1. D-ランクでもその減額幅が基本給の10%を超えないこと
2. 絶対評価であること
3. 事前に説明会などで周知徹底し、社員が納得していること
4. 最低賃金を下回らないこと

この4点を守れば、マイナス査定の導入が「就業規則の不利益変更」と批判されることを回避できます。特に社員に覚えておいてもらうことは、相対評価だと一定数がマイナス査定となるのですが、あくまでも絶対評価による査定なので、高得点を取りさえすれば全員がプラス査定になるということでしょう。

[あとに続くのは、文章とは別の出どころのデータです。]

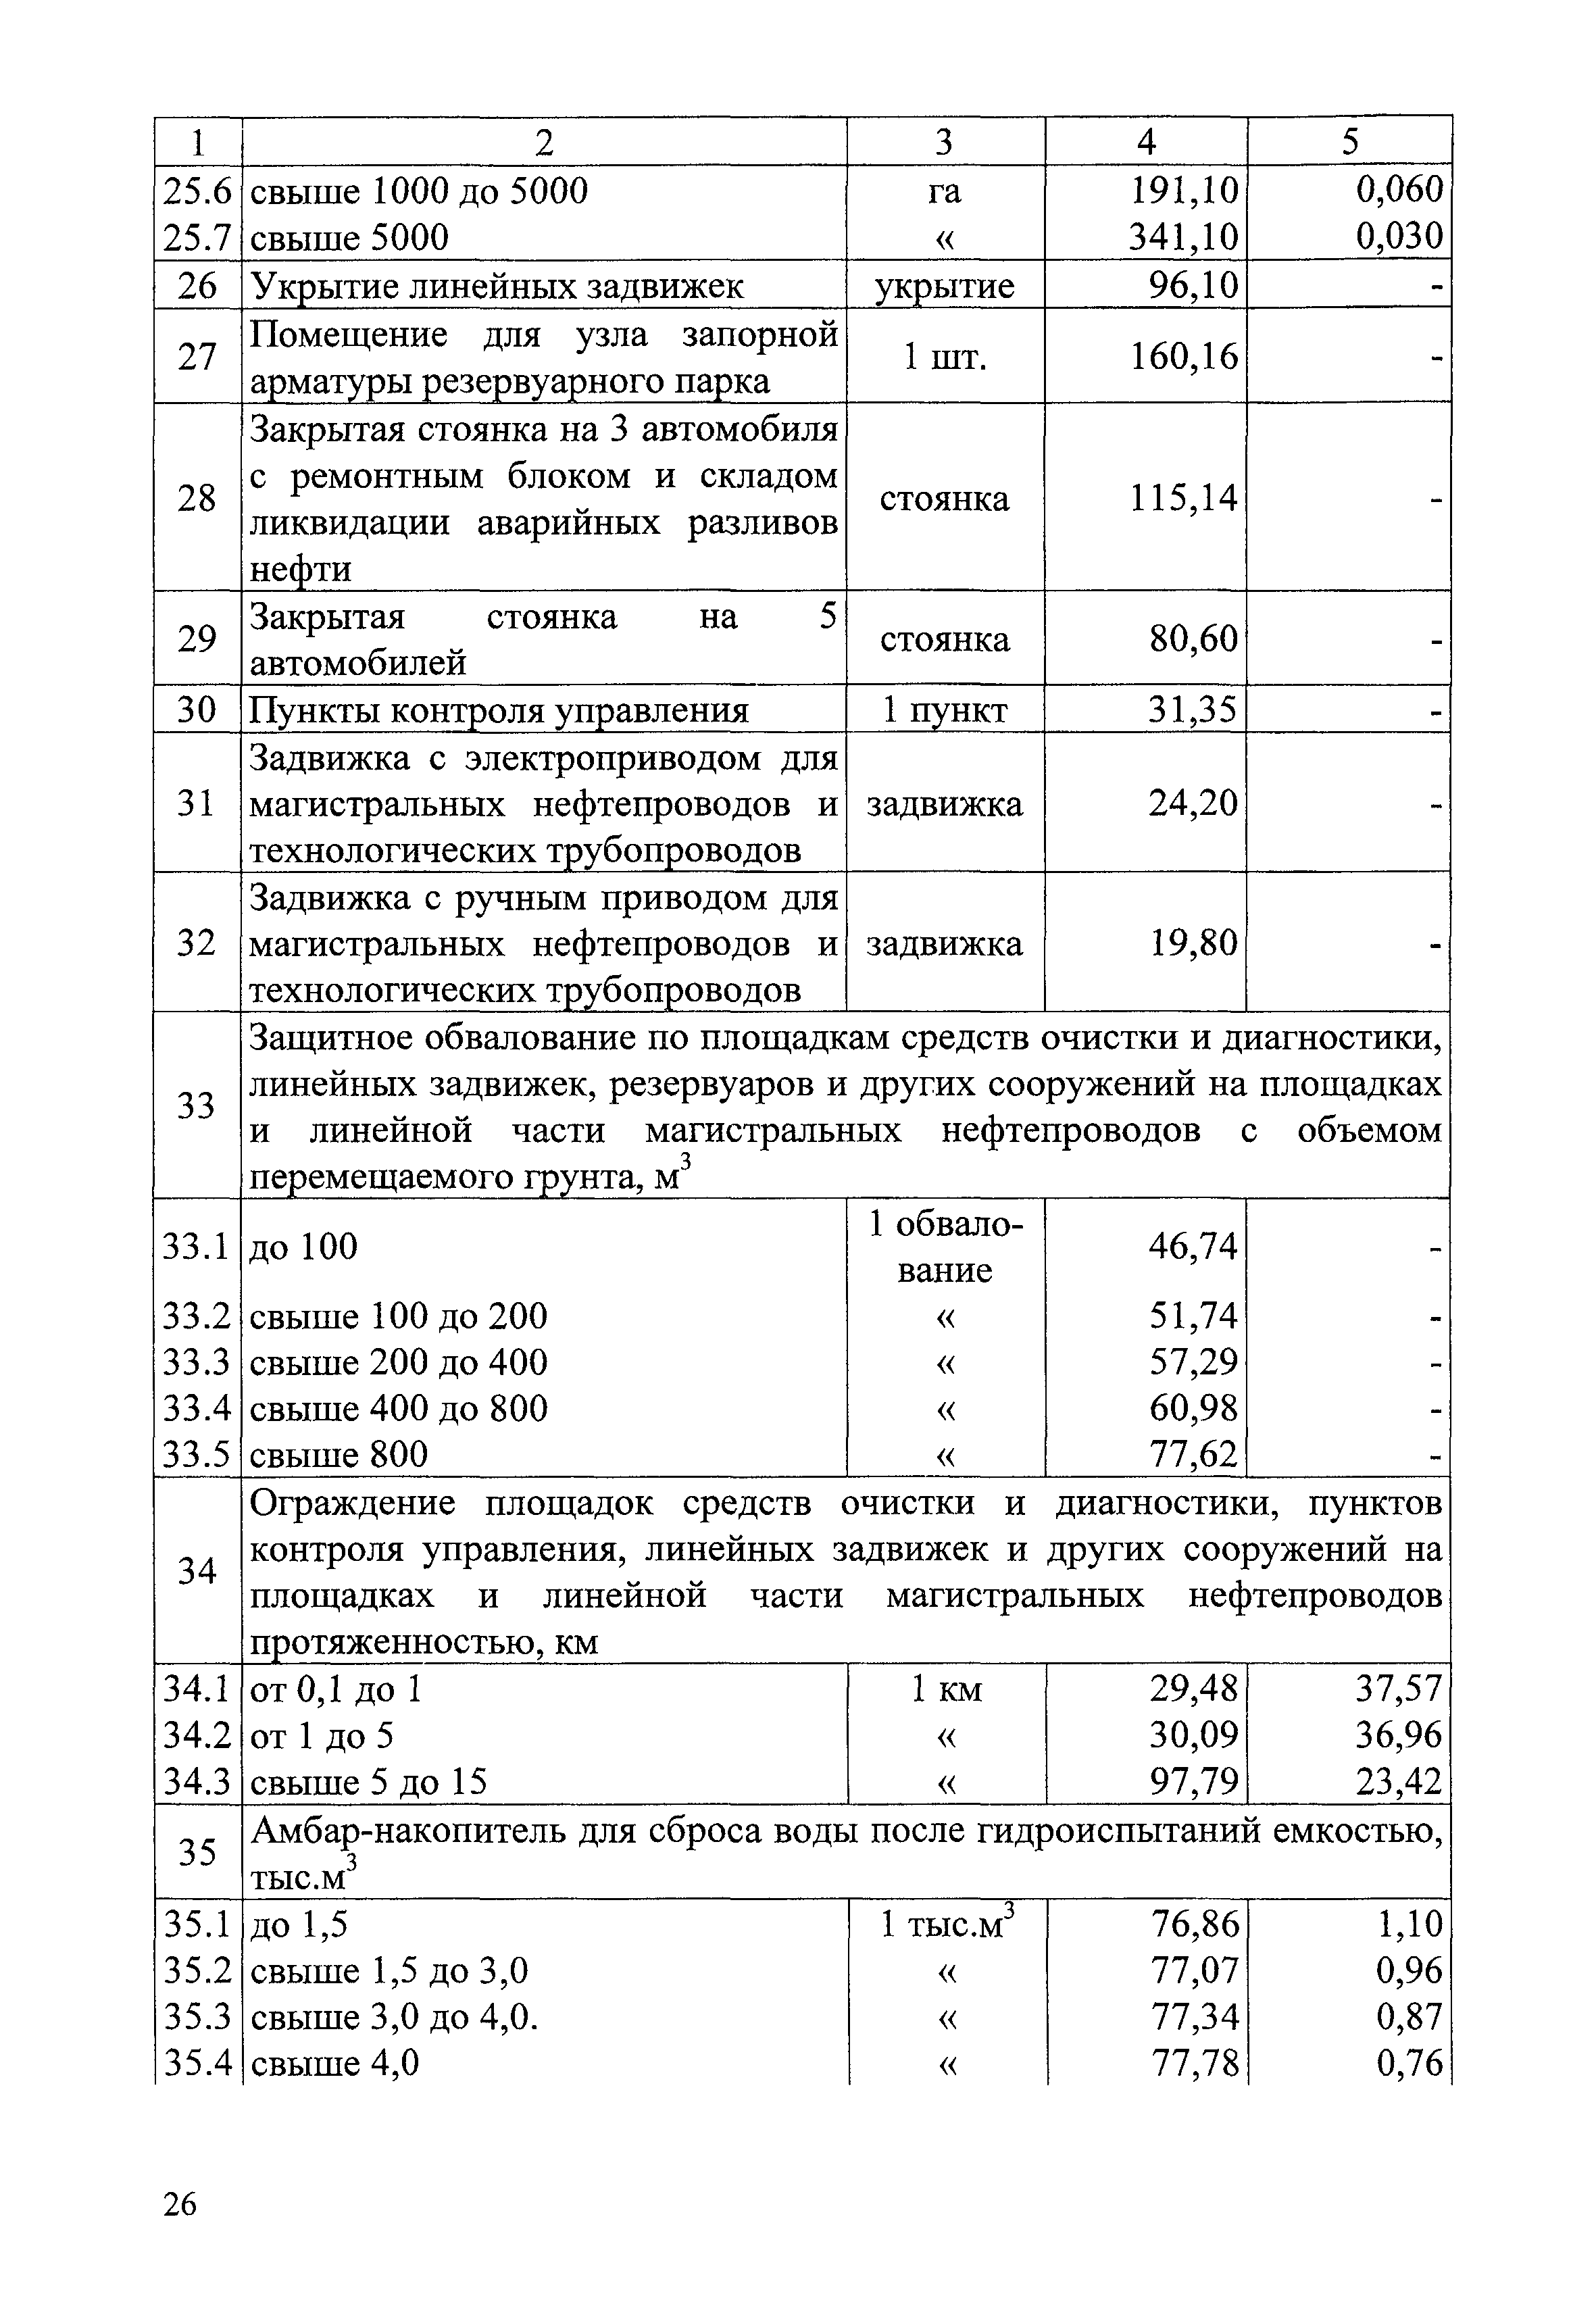 СБЦП 81-2001-08

これは社員に希望を与えることになります。

マイナス査定ばかりを受けると、不満を感じて退職してしまう恐れを持つかも知れません。しかし、評価2回の平均点で査定すれば、たった一度の評価でマイナスになることはなく、たとえ一度マイナスの評価となっても挽回のために一定の期間が担保されていますので、公平性は高くなります。

一方、評価する側にも緊張感が求められます。評価者が受け持つ人数は8~10人が適正とされています。それ以上になるなら、中間管理職を増やすか組織変更をすることをおすすめします。この程度の人数なら、四半期評価であっても負担は大きいとはいえず、むしろマネジメントする上で必要な業務の範囲内と言えます。

このほか、四半期ごとに目標設定をしていくのは社員にとっても負担になるとの指摘もあります。ただ、担当部署や仕事内容が前期と大幅に変化したり、掲げた目標が実績と大きく乖離していたりするような一部社員以外は継続して同じ目標を掲げることが多くなるため、それほどの負担にはならないと言えるのではないでしょうか。

適切な導入・運用はメリットになる

マイナス査定の目的はコスト削減ではありません。頑張っている人もそうでない人も一律に給料を上げる「平等という名の不平等」をやめ、「フェアに差をつける」ことで成果を出している社員に報いることこそ、真の目的です。

社員のやる気が醸成されると、結果として生産性の向上につながります。それによって会社の業績が向上し、評価結果と整合性のある賃上げで社員に還元するという好循環が生まれるといえます。

ただ、こうしたメリットを生むには、評価する立場の人にフェアであることを徹底させ、適切に運用していくことが条件になります。社員から反感を買わずにマイナス査定を推進していくためにも、このポイントだけは外してはならないでしょう。